Here rate constants k stand for (subscripts) f, fluorescence emission, n, non-photochemical quenching and p, photochemistry. Correspondingly

$$ \frac{{F_{n} }}{{F_{\text{m}} }} = \frac{{k_{f} + k_{n} }}{{k_{f} + k_{n} + \left( {N - n} \right)k_{\text{p}} }} = \frac{1}{{1 + \frac{{k_{\text{p}} }}{{k_{f} + k_{n} }}\left( {N - n} \right)}} $$

(7)

When all centers are open then fluorescence is F ₀:

$$ \frac{{F_{0} }}{{F_{m} }}_{{}} = \frac{1}{{1 + \frac{{k_{\text{p}} }}{{k_{f} + k_{n} }}N}}\;\;{\text{or}}\;\;\frac{{F_{\text{m}} }}{{F_{0} }}_{{}} = 1 + \frac{{k_{\text{p}} }}{{k_{f} + k_{n} }}N $$

from where

$$ \frac{{k_{\text{p}} }}{{k_{f} + k_{n} }} = \frac{{\frac{{F_{\text{m}} }}{{F_{0} }} - 1}}{N}. $$

(8)

Inserting (8) into (7) we obtain a formula relating the fluorescence yield of a domain with n reduced centers to the maximum fluorescence F _m and minimum fluorescence F ₀:

$$ \frac{{F_{n} }}{{F_{\text{m}} }} = \frac{{NF_{0} }}{{\left( {N - n} \right)F_{\text{m}} + nF_{0} }} $$

(9)

Denoting B _n the fraction of domains with n reduced centers, the following differential equations describe the advancement of B _n with illumination from n = 0 to n = N, beginning with B ₀ = 1, B ₁…B _N = 0 and ending with B ₀…B _N − 1 = 0, B _N = 1:

$$ {\text{d}}B_{0} = - \left( {1 - \frac{{F_{0} }}{{F_{\text{m}} }}} \right)B_{0} \cdot {\text{d}}q $$

(10)

$$ dB_{\text{n}} = \left[ {\left( {1 - \frac{{F_{{{\text{n}} - 1}} }}{{F_{\text{m}} }}} \right)B_{{{\text{n}} - 1}} - \left( {1 - \frac{{F_{\text{n}} }}{{F_{\text{m}} }}} \right)B_{\text{n}} } \right] \cdot dq $$

(11)

$$ {\text{d}}B_{\text{N}} = \left( {1 - \frac{{F_{N - 1} }}{{F_{\text{m}} }}} \right)B_{N - 1} \cdot {\text{d}}q $$

(12)

For the DCMU-inhibited case we neglect the re-oxidation of Q _A, once reduced.
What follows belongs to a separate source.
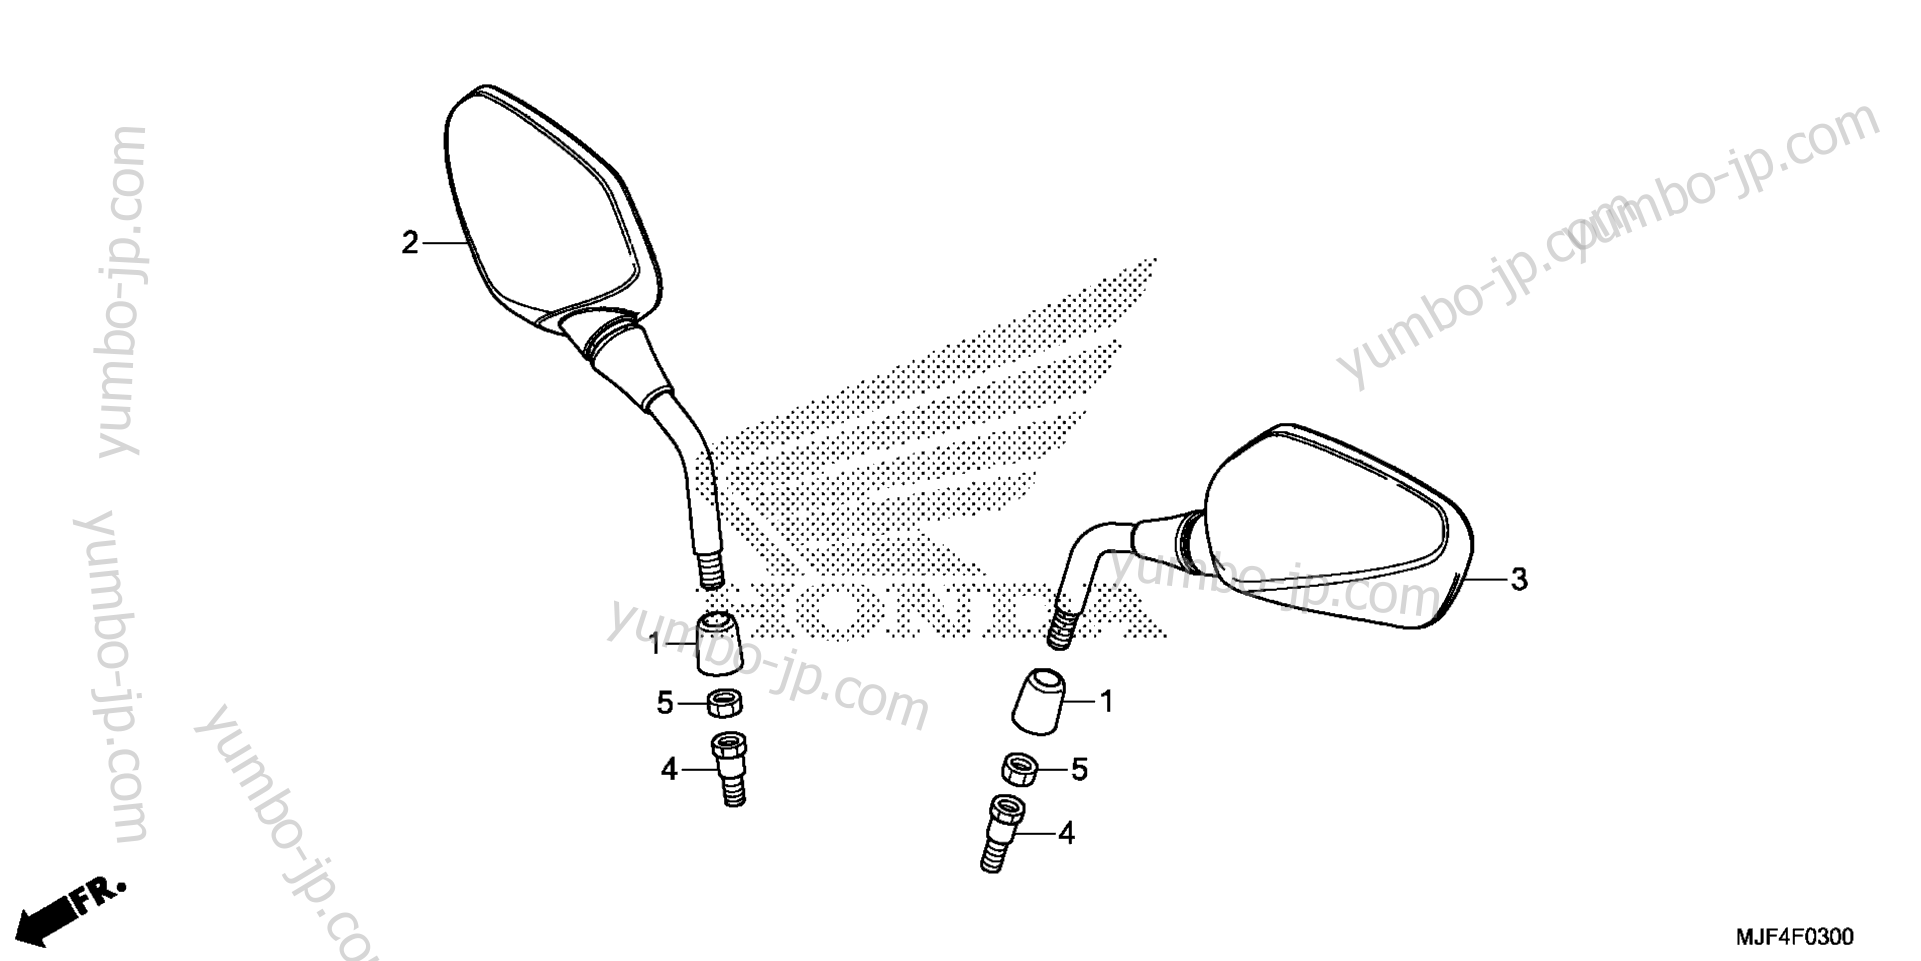 MIRROR for motorcycles HONDA CTX700N A 2015 year

In Eqs. (10, 11, 12, 13) dq stands for cumulative excitation of the whole domain:

$$ {\text{d}}q = N\frac{{a_{\text{II}} }}{{N_{\text{PSII}} }}I(t){\text{d}}t , $$

(13)

where I(t) is PAD by the leaf, a _II is excitation partitioning to PSII and N _PSII is PSII density per area unit. The formula is a development of Eq. (1) in the main text, but multiplied by N, the number of individual PSII centers in the domain.Fluorescence of the whole leaf is the sum of all fractions,

$$ \frac{F}{{F_{\text{m}} }} = \sum\limits_{n = 0}^{N} {\frac{{F_{n} }}{{F_{\text{m}} }}} B_{n} , $$

(14)

but Q _A reduction is

$$ Q_{\text{A}} = \frac{1}{N}\sum\limits_{n = 0}^{N} n B_{n} . $$

(15)

Assuming that each quenched excitation (the abscissa of Fig. 4) performs Q _A reduction, the theoretical curve in Fig. 5 is a plot of Eqs. (14) versus (15), the best fit to experimental data obtained with N = 4.